The bright spots are precious-metal funds and some bear/leveraged products.
Some of the worst-performing fund categories, Lipper says, are those focused on Europe. This fund group fell 11.6% from March 31 to June 24 and is down close to 11.5% year to date.
Large-cap growth funds have declined 8.2% in the second quarter; they’re down 4.3% for the year.
Precious-metal funds, though, are up close to 12% for the quarter and nearly 13% for the year through June 24.
Income-focused funds dropped 1.7% in the second quarter, but are up 1.1% year to date.
In terms of some of the largest funds and their performance, the PIMCO Total Return Fund is up 2.1% in Q2 and about 5.2% for the first half.

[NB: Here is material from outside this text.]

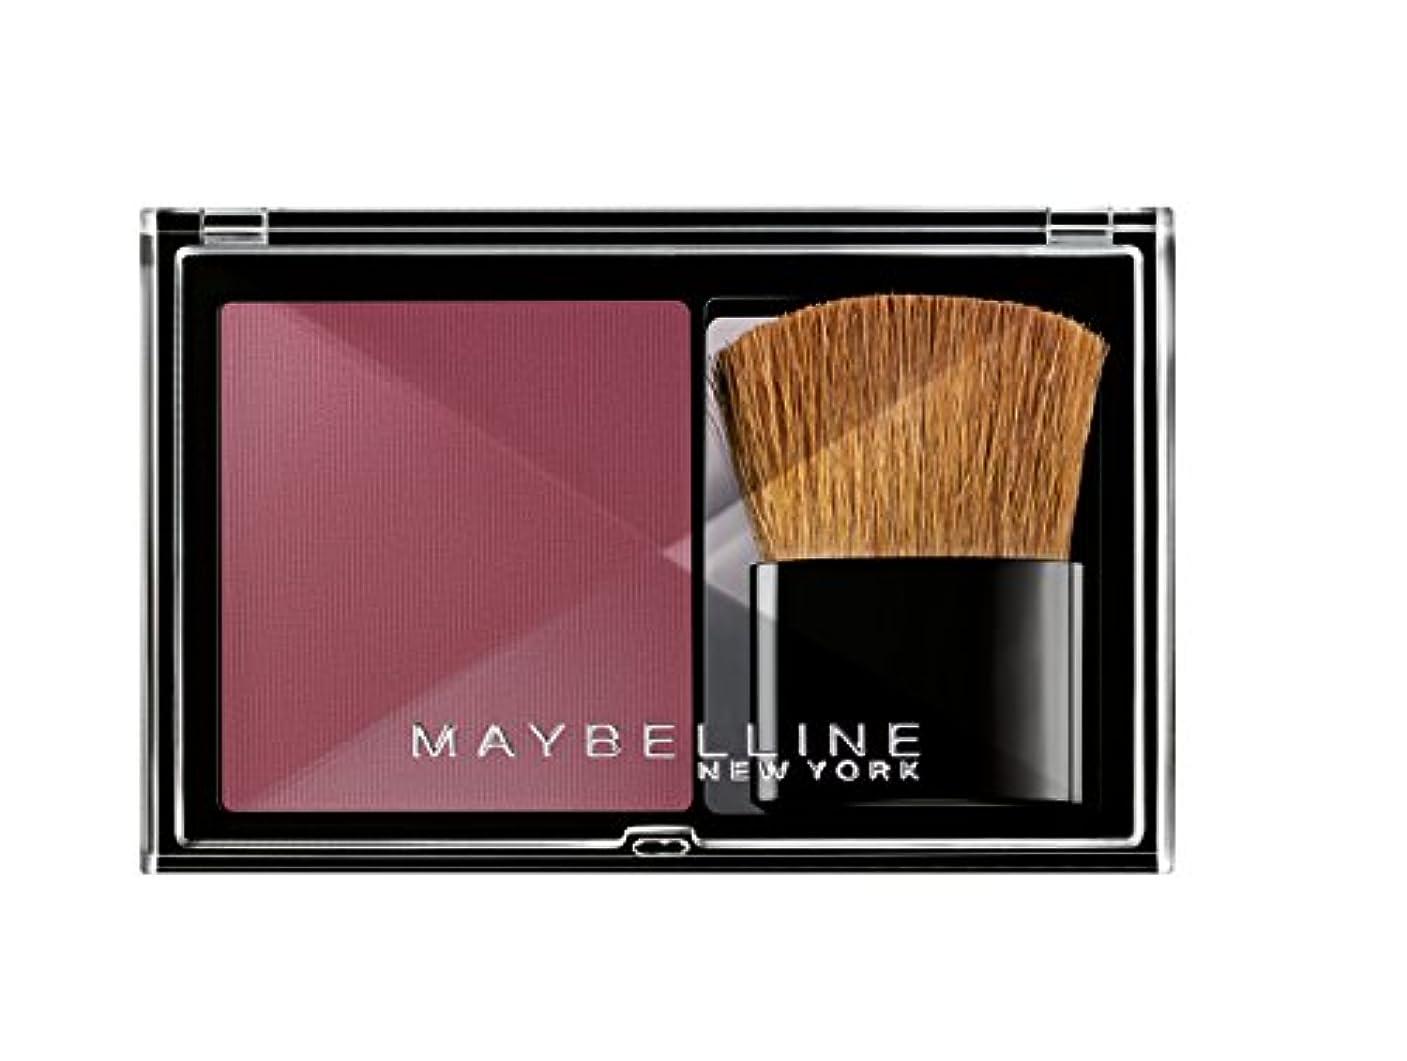 厚い五月リーガンMaybelline New York Expert Wear Blush Rouge Flash Plum/Pflaumenfarbenes Rouge-Puder, Make-Up für einen frischen...

On the down side, American Funds Growth is off 8.2% for the quarter and 4.4% for the year, while Dodge & Cox International Stock has declined 10.3% and 7% for these periods respectively.
The Fidelity Contrafund fell 4.6% from March 31 through June 24 and is down 1.1% for the first half of 2010, according to Lipper data.
On the plus side, funds like the iPath ETN S&P500 VIX, tracking volatility, rose 32% in the second quarter, while the Direxion Monthly Developed Market Bear 2X improved roughly 23%.
As for fixed income, bonds rated AAA are up 2.5% for the quarter and 4.9% for the year, while those with a BBB rating moved up 1.9% and 5.2% in the same periods.
High-current yield products are off 0.4% for Q2 but are up 4.2% for the first half of the year.
In the first quarter of 2010, U.S. diversified equity funds grew 5.55 percent, while world equity funds bumped up 1.7 percent. Mixed equity funds rose 2.43 percent, narrowly beating out world income funds at 2.36 percent.